Interview with macro master Raoul Pal: The AI competition is giving rise to an "economic singularity," don't easily give up your chips in the next four years
Original source: 《When Shift Happens》
Compiled by: Felix, PANews
Macro investor and co-founder of Real Vision, Raoul Pal, returns to the podcast "When Shift Happens" to delve into why the AI race is the largest capital event in human history and why cryptocurrency holders are in a favorable position. Raoul Pal explains the economic singularity, why traders always lose to long-term holders, and why he continues to buy during pullbacks.
PANews has compiled the highlights of the interview.
Host: A few weeks ago, you shared and commented on an interesting video. It satirizes that the U.S. stock market keeps rising, and as long as you "buy the dip," you can make money. If you don't have money, just borrow to buy. This isn't a pyramid scheme; it's a buy-the-dip plan. What is going on with the stock market?
Raoul Pal: There are two main reasons. The first is obviously liquidity; we are witnessing an expansion of liquidity. The other thing is that we are experiencing the most extraordinary period in human history, where everything else doesn't matter. All capital is flowing into the AI sector, which is the largest competition in history. This is a competition between nations and between companies. Therefore, it will certainly suck up every bit of capital because you can't slow it down.
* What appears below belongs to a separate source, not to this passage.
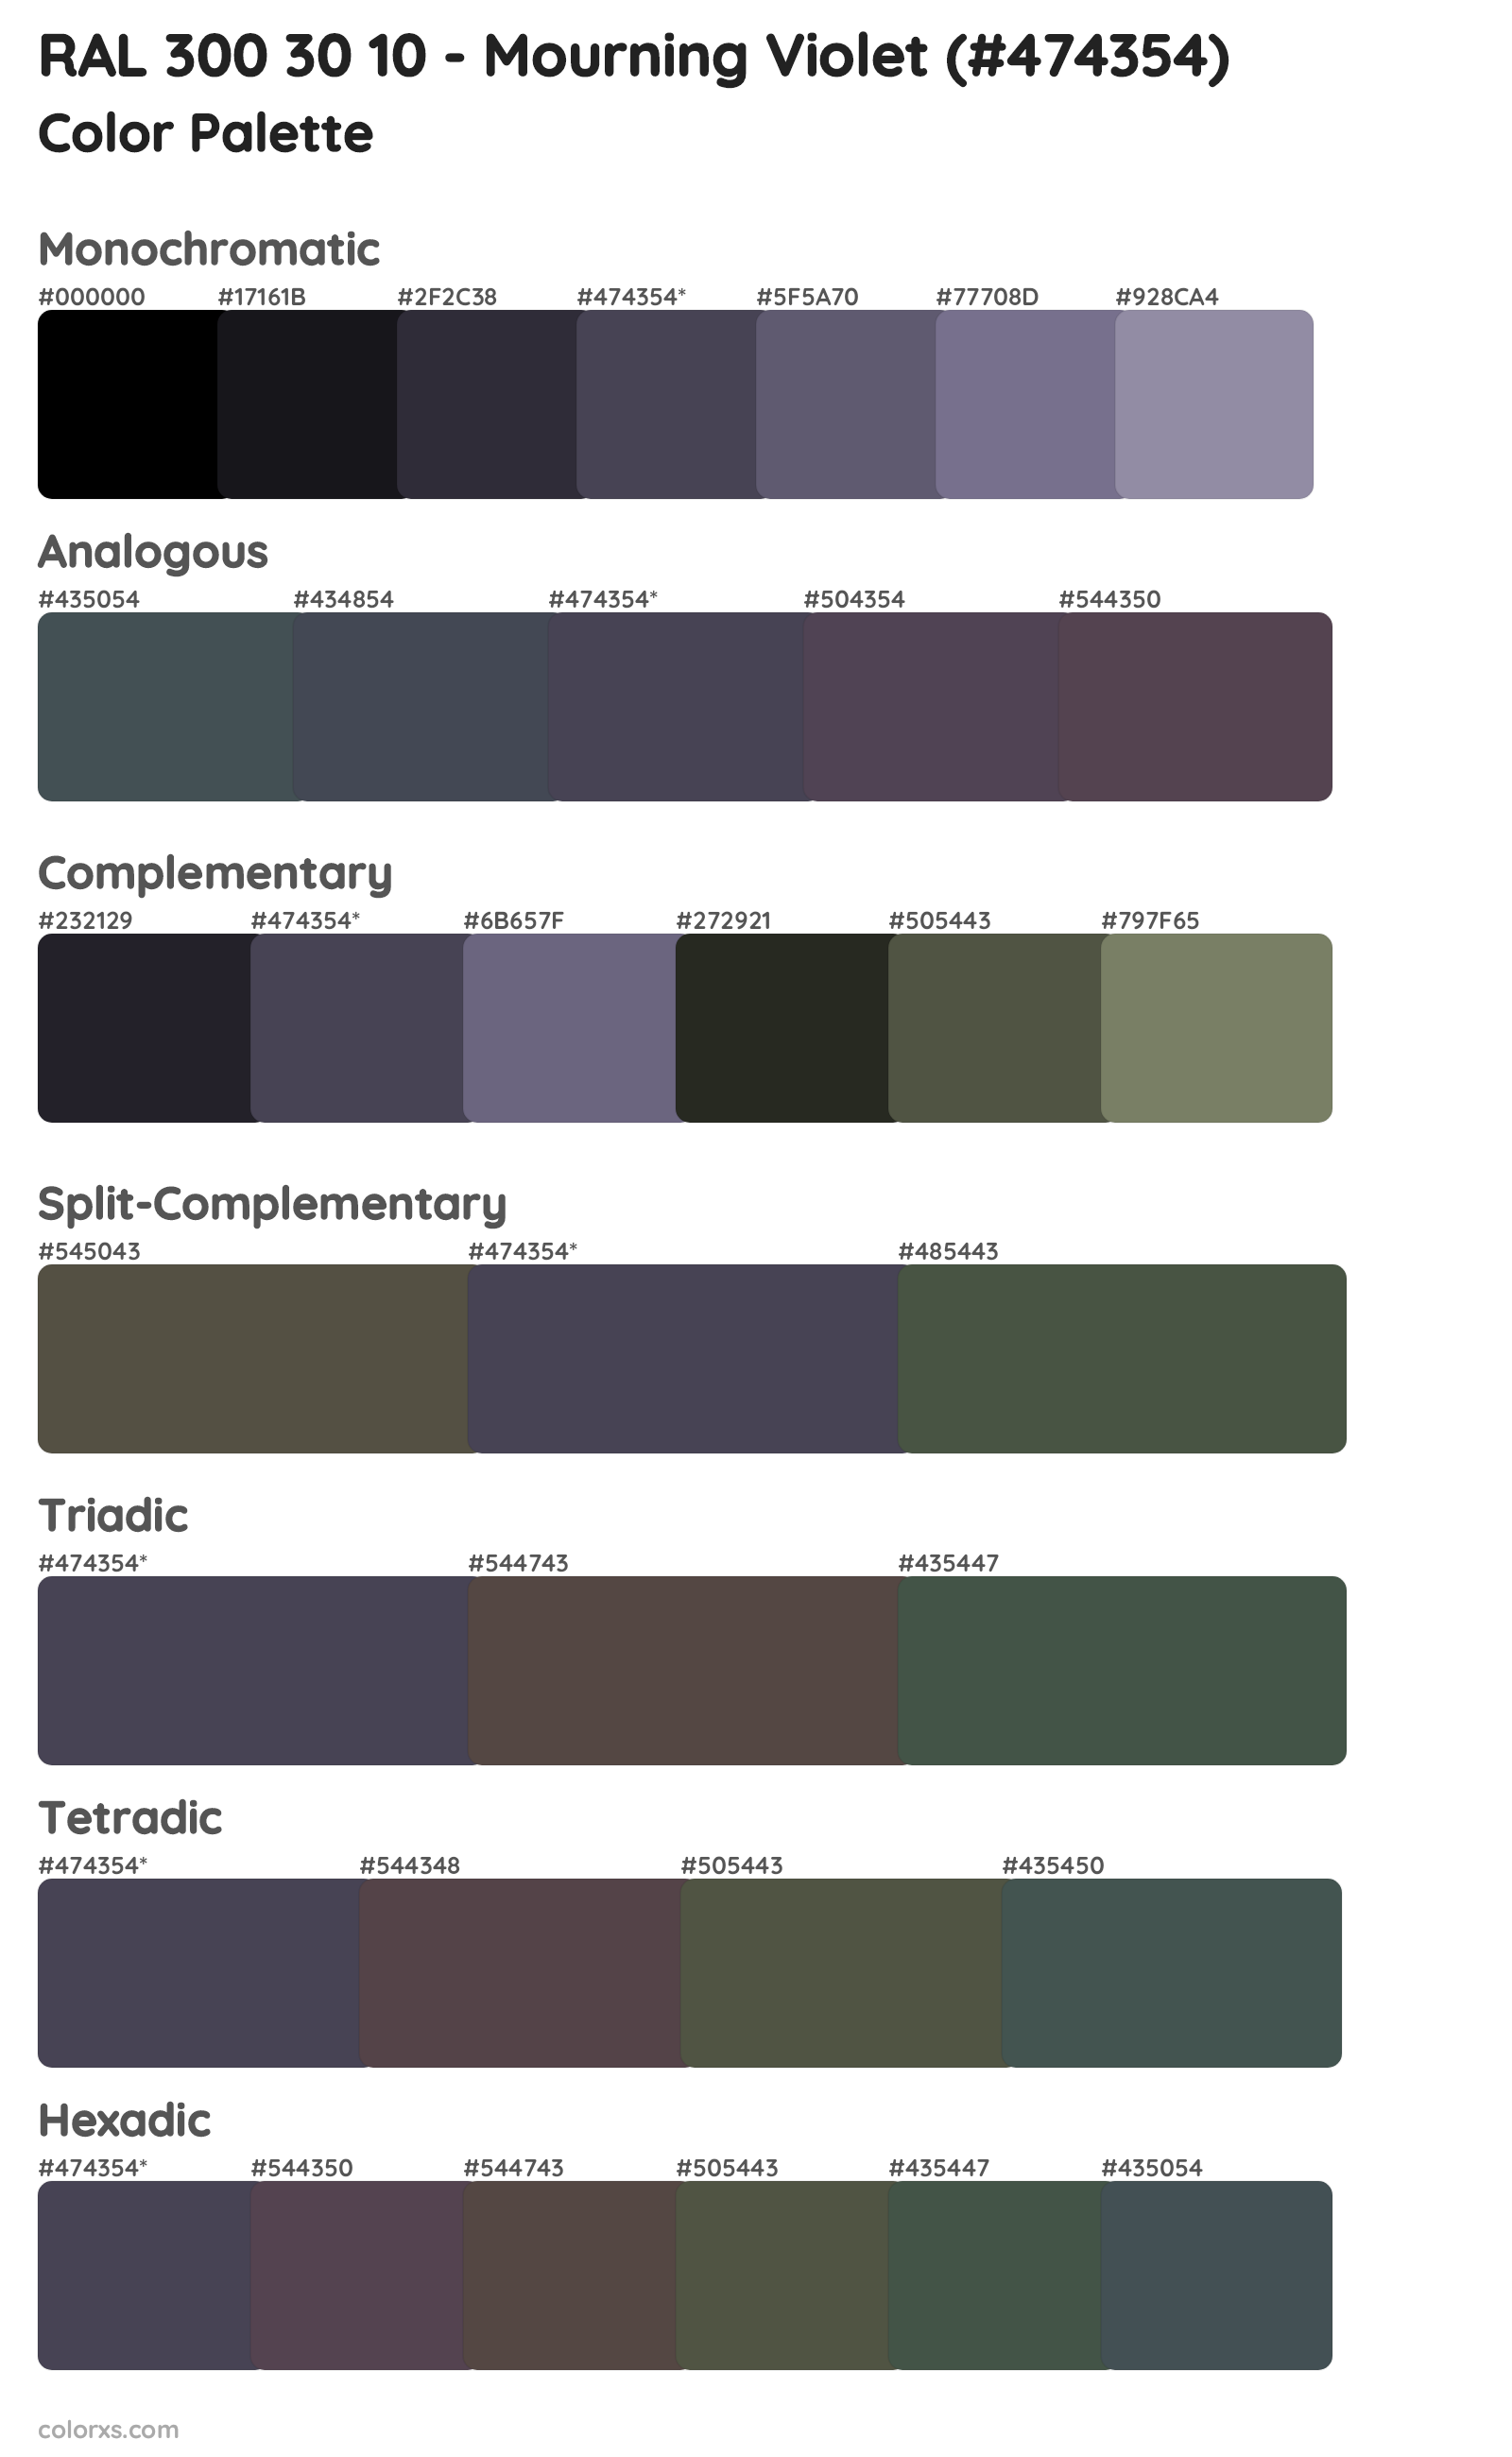 RAL 300 30 10 - Mourning Violet Color Scheme Palettes

Host: Tell me about this competition.
Raoul Pal: In this world, no one will allow a single superpower to monopolize AGI (Artificial General Intelligence), so there must be two, and only the U.S. and China can afford this competition. Game theory suggests that no country will stop now because stopping means the other side gains an advantage. Even if a scenario like OpenAI going bankrupt or running out of funds occurs, the U.S. government would immediately auction its assets to companies like Microsoft and Google, never allowing one company to monopolize the advantage. The scale of this game is too large for anyone to stop. It is a game of "converting energy units into intelligence units."
Host: Too big to fail. So, should we always "buy the dip"? Will it have an end?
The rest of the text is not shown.